▶ Exercise prompt: With the images removed, write out every line below exactly.

▶ Source data:
•••••

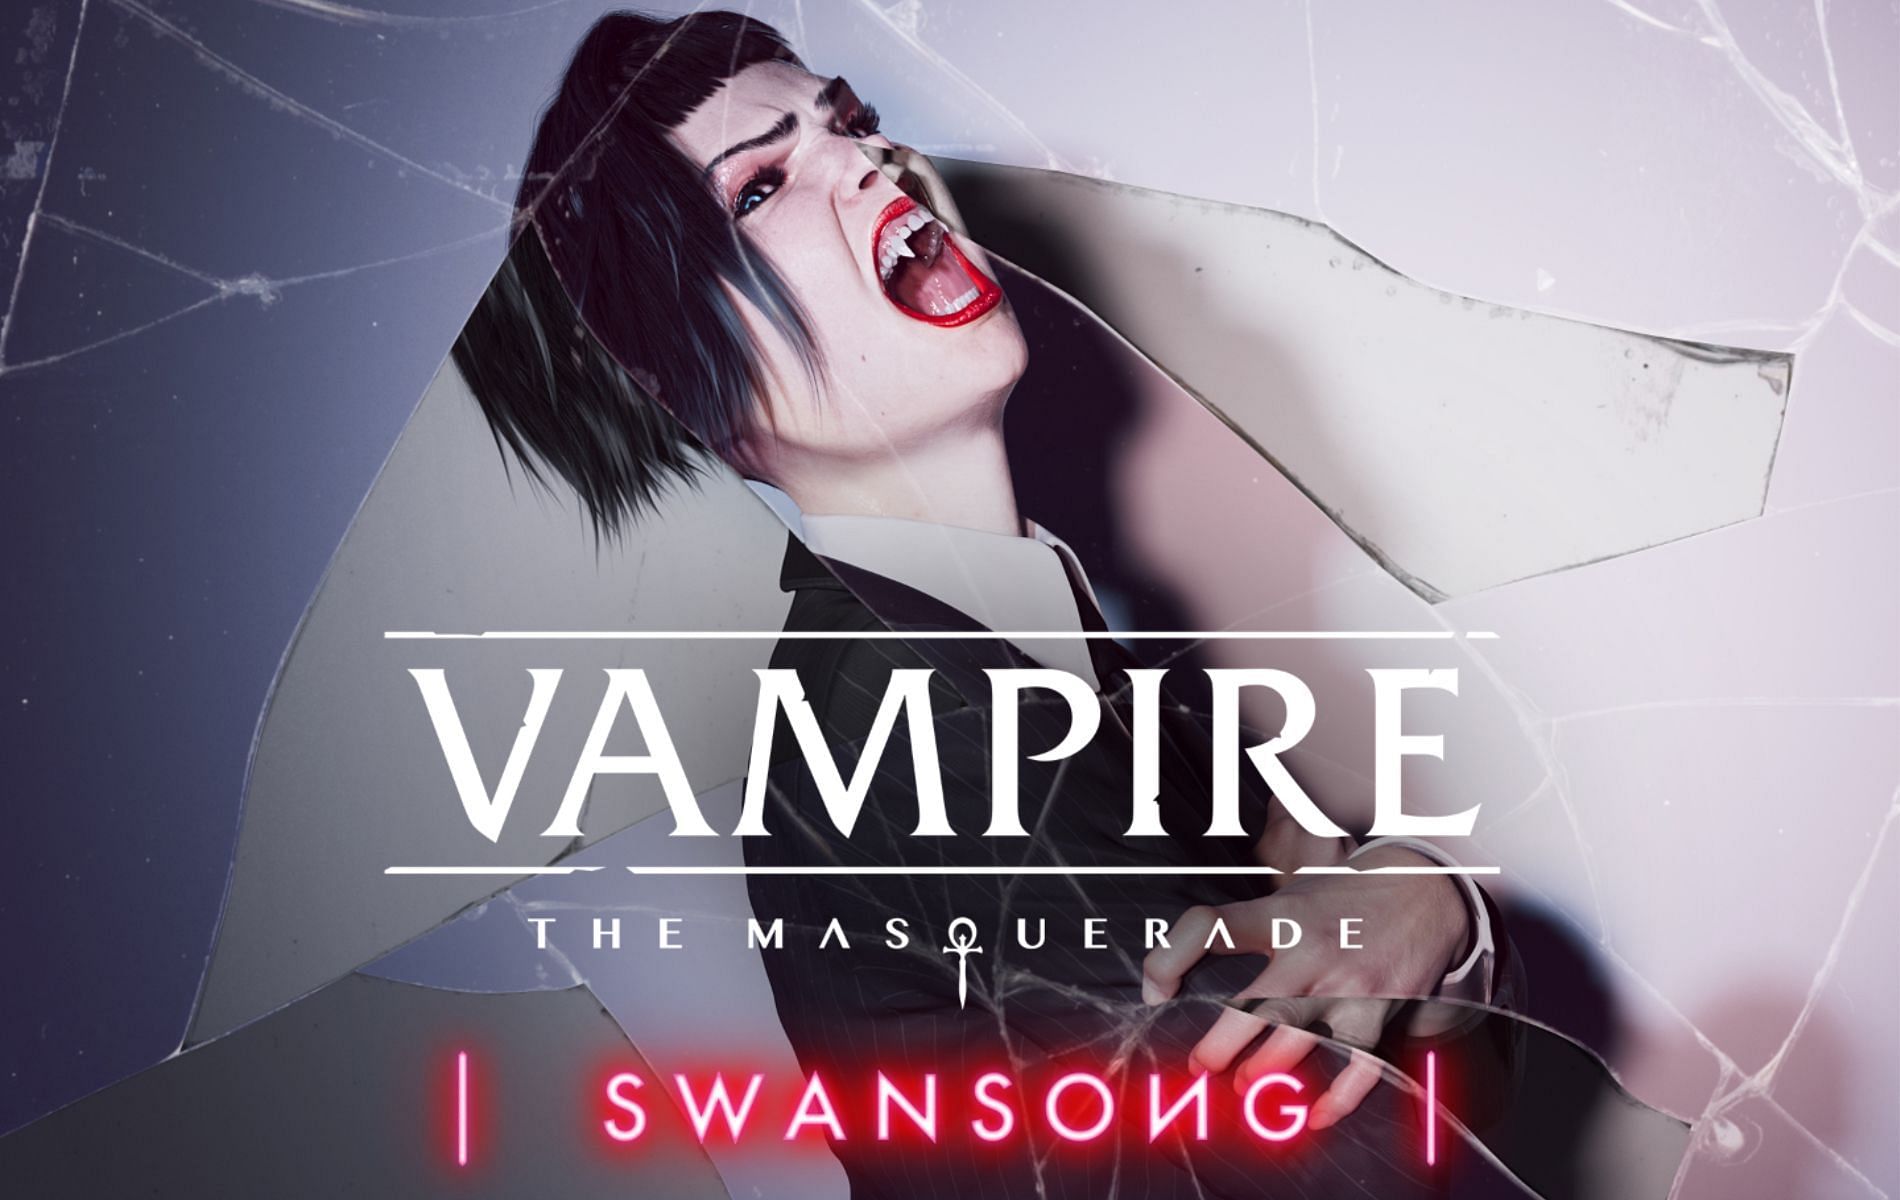 Vampire: The Masquerade - Swansong is a narrative RPG based on the
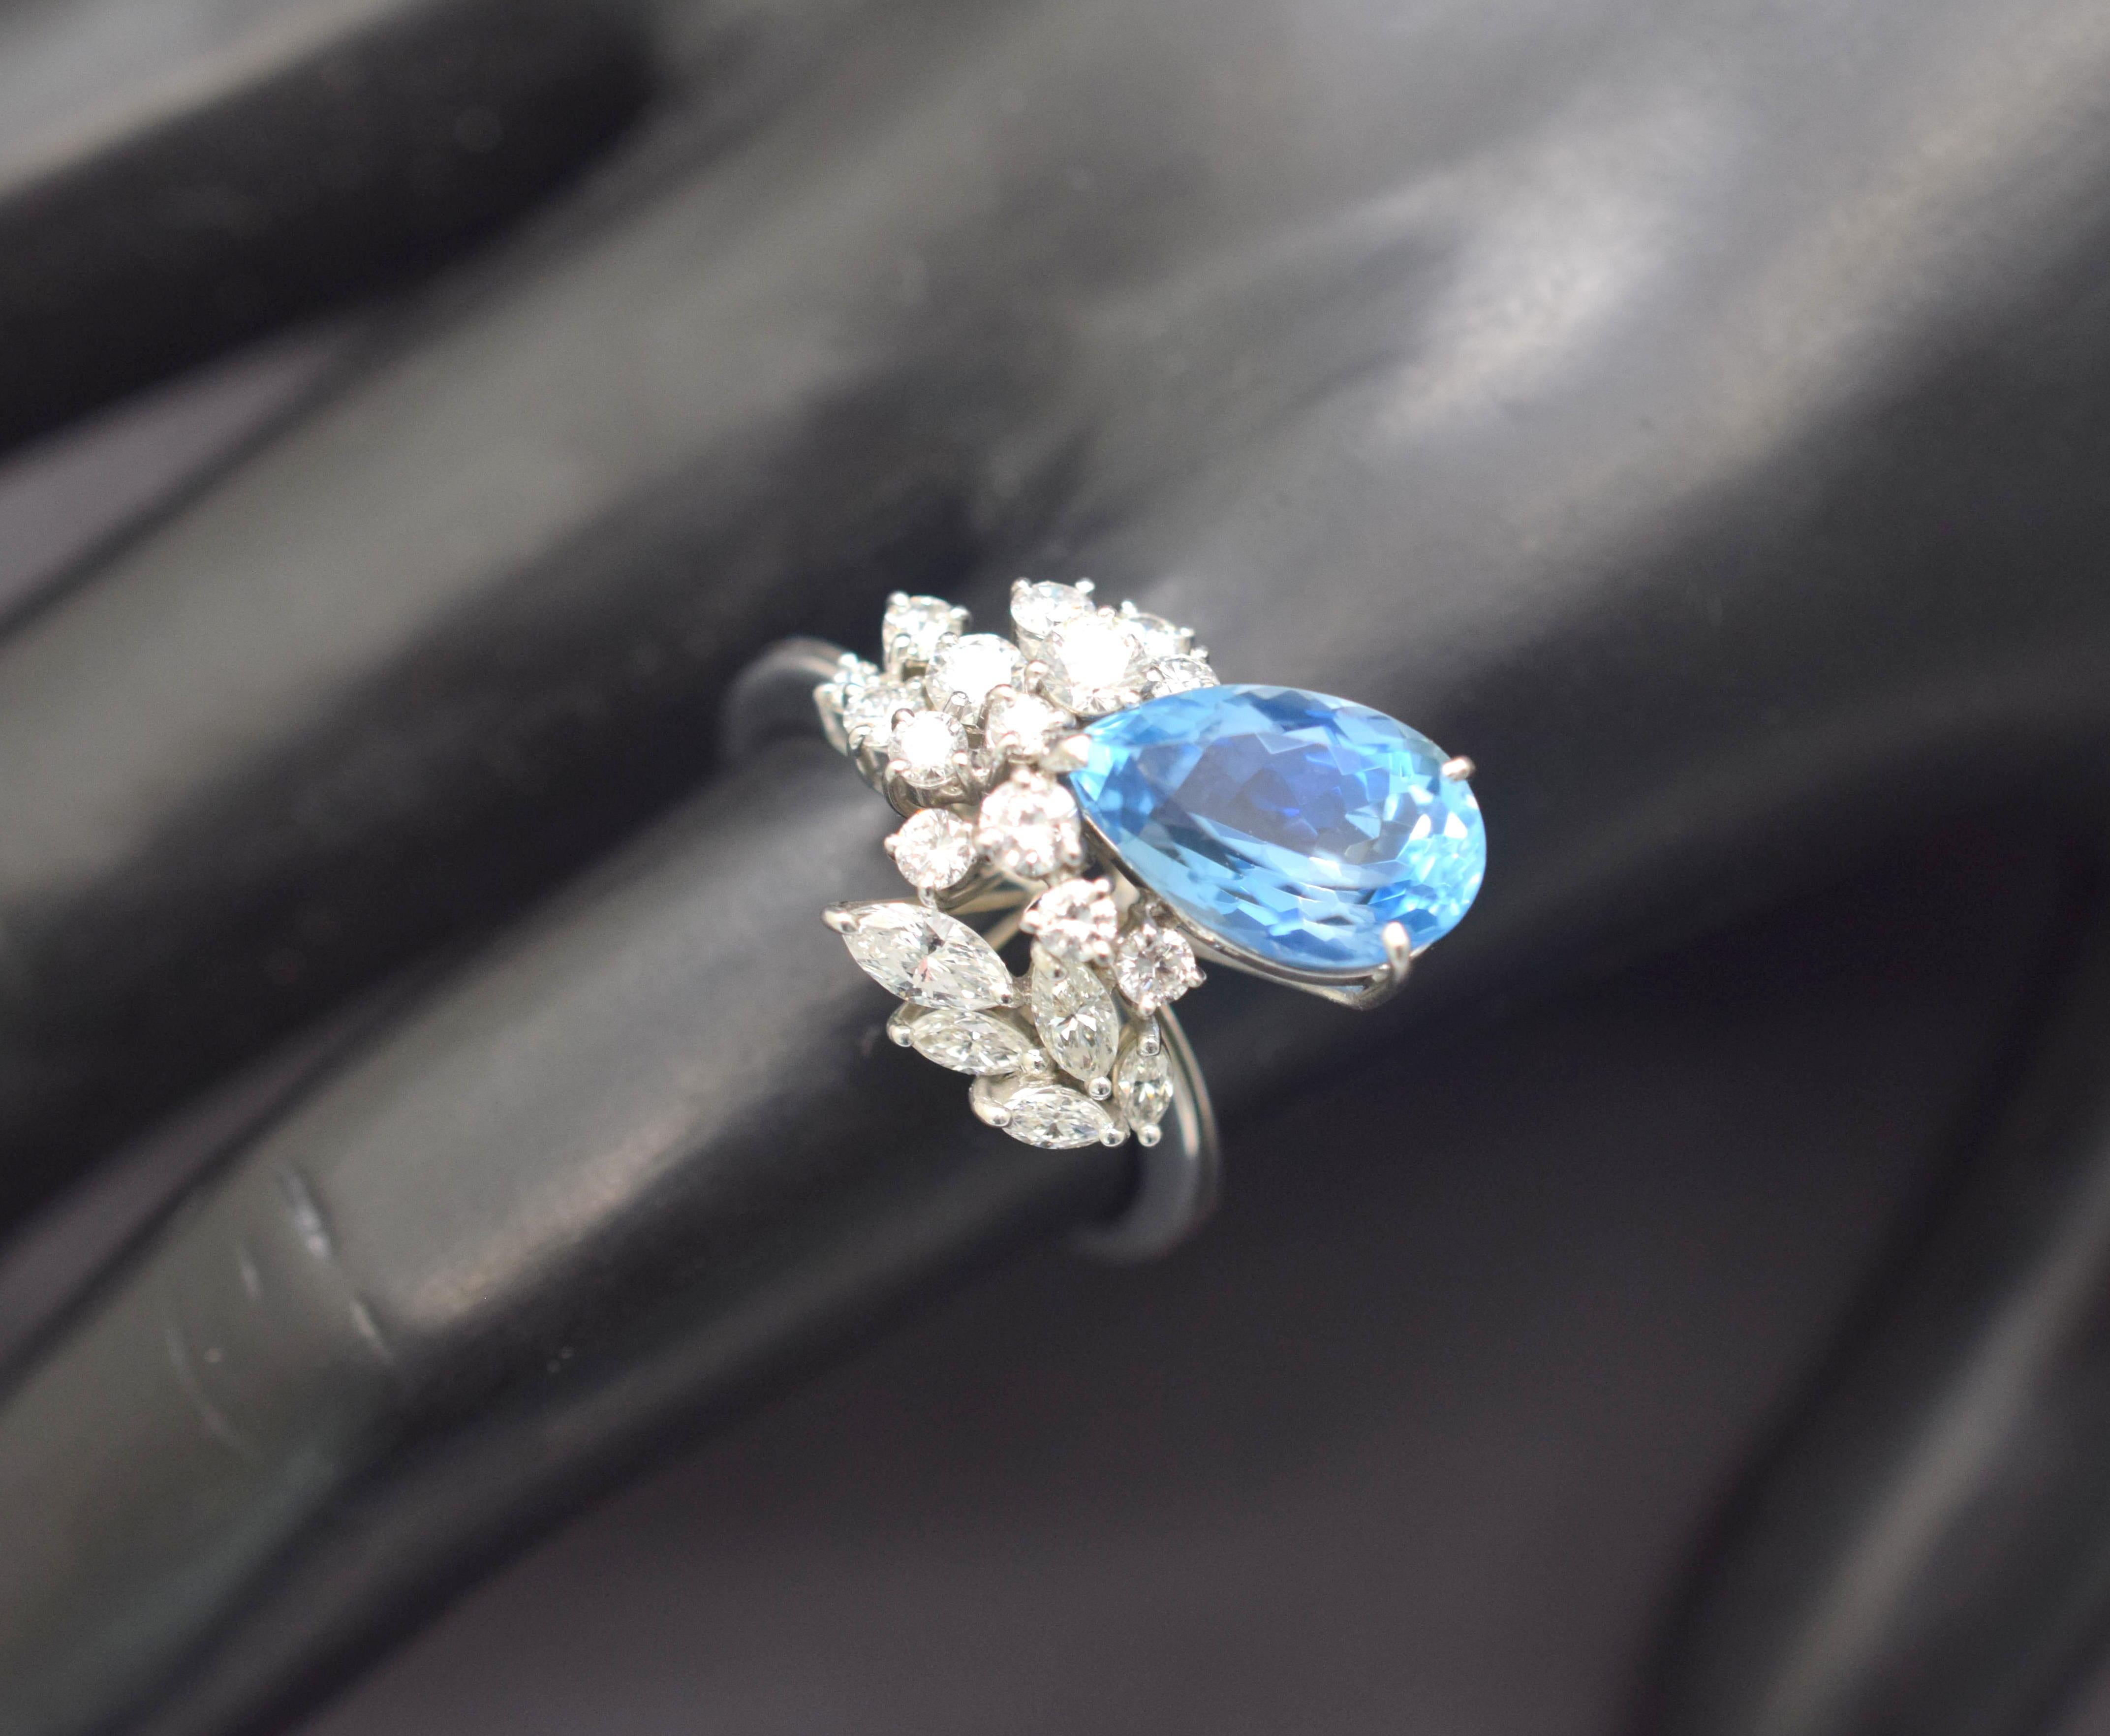 Gorgeous design from famed designer H. Stern. This ring is crafted in 18k white gold. This ring is highlighted by a fantastic pear shape Santa Maria Aqua Marine.  The Aqua Marine shows a deep blue hue found in the highest gem quality Aqua Marines.
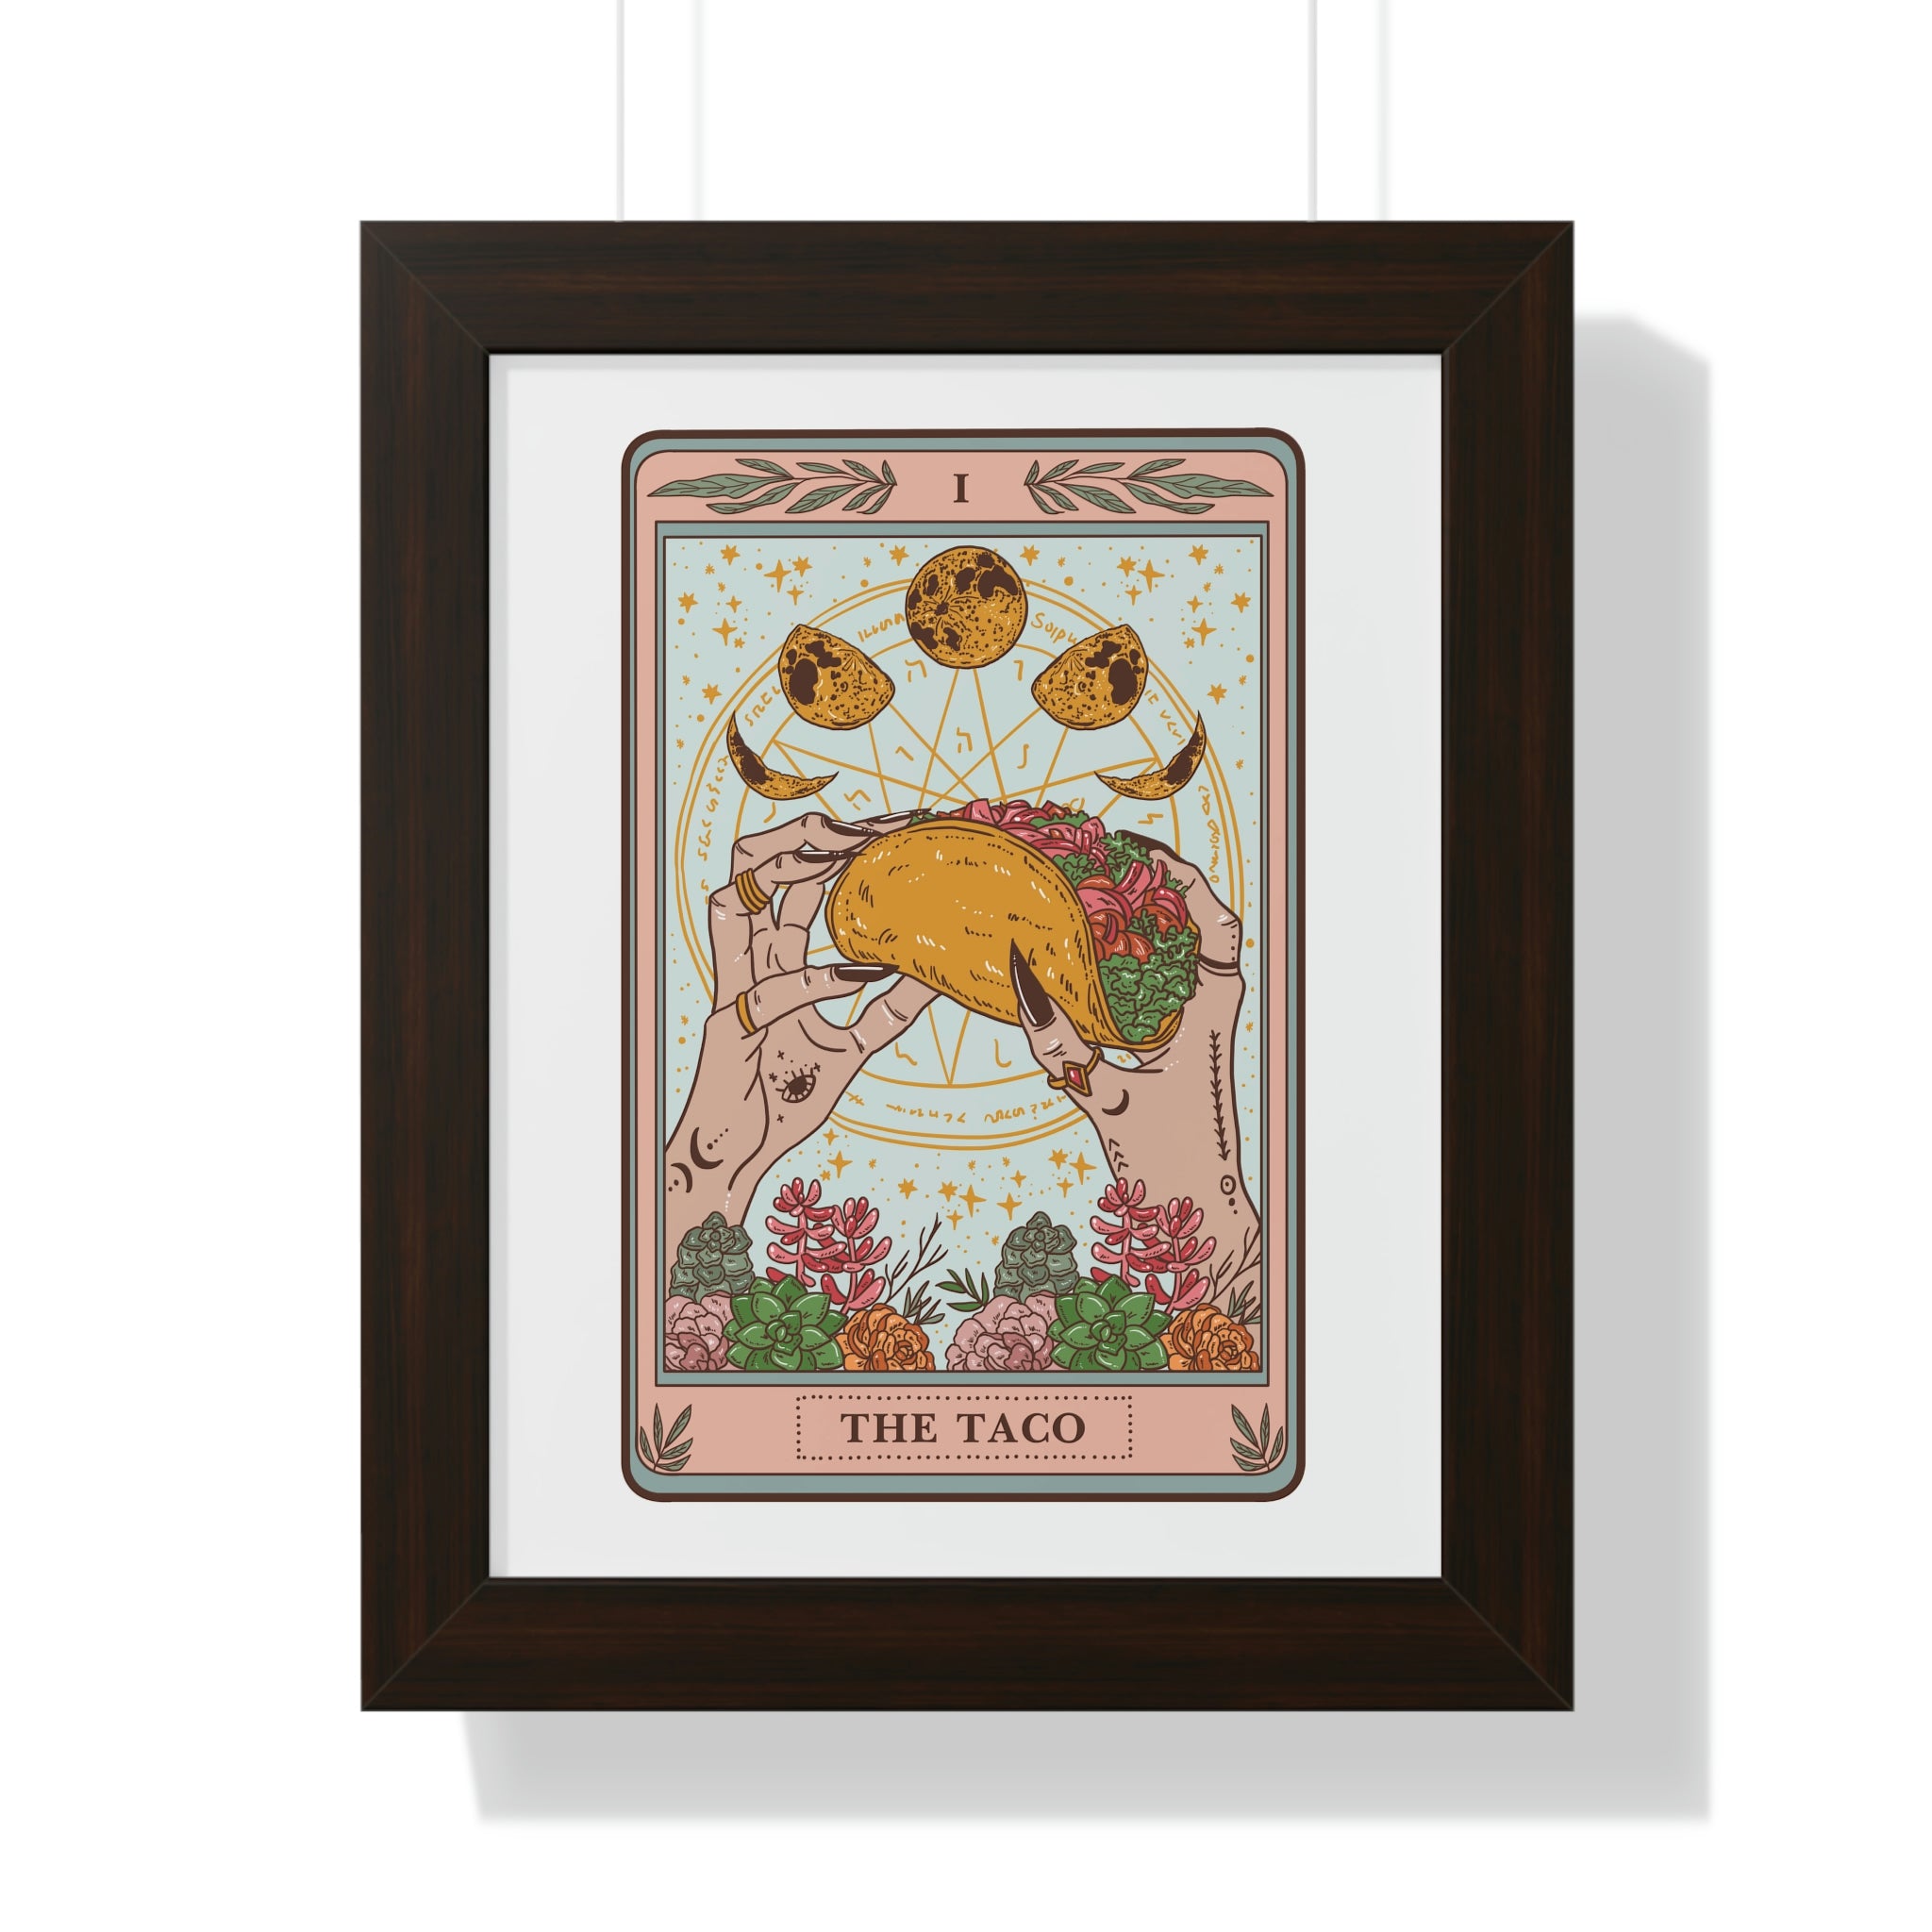 THE TACO // FRAMED POSTER PRINT

•••••

▶ Written solution:
 Vampire: The Masquerade - Swansong is a narrative RPG based on the
 Gorgeous design from famed designer H. Stern. This ring is crafted in 18k white gold. This ring is highlighted by a fantastic pear shape Santa Maria Aqua Marine.  The Aqua Marine shows a deep blue hue found in the highest gem quality Aqua Marines.
 THE TACO // FRAMED POSTER PRINT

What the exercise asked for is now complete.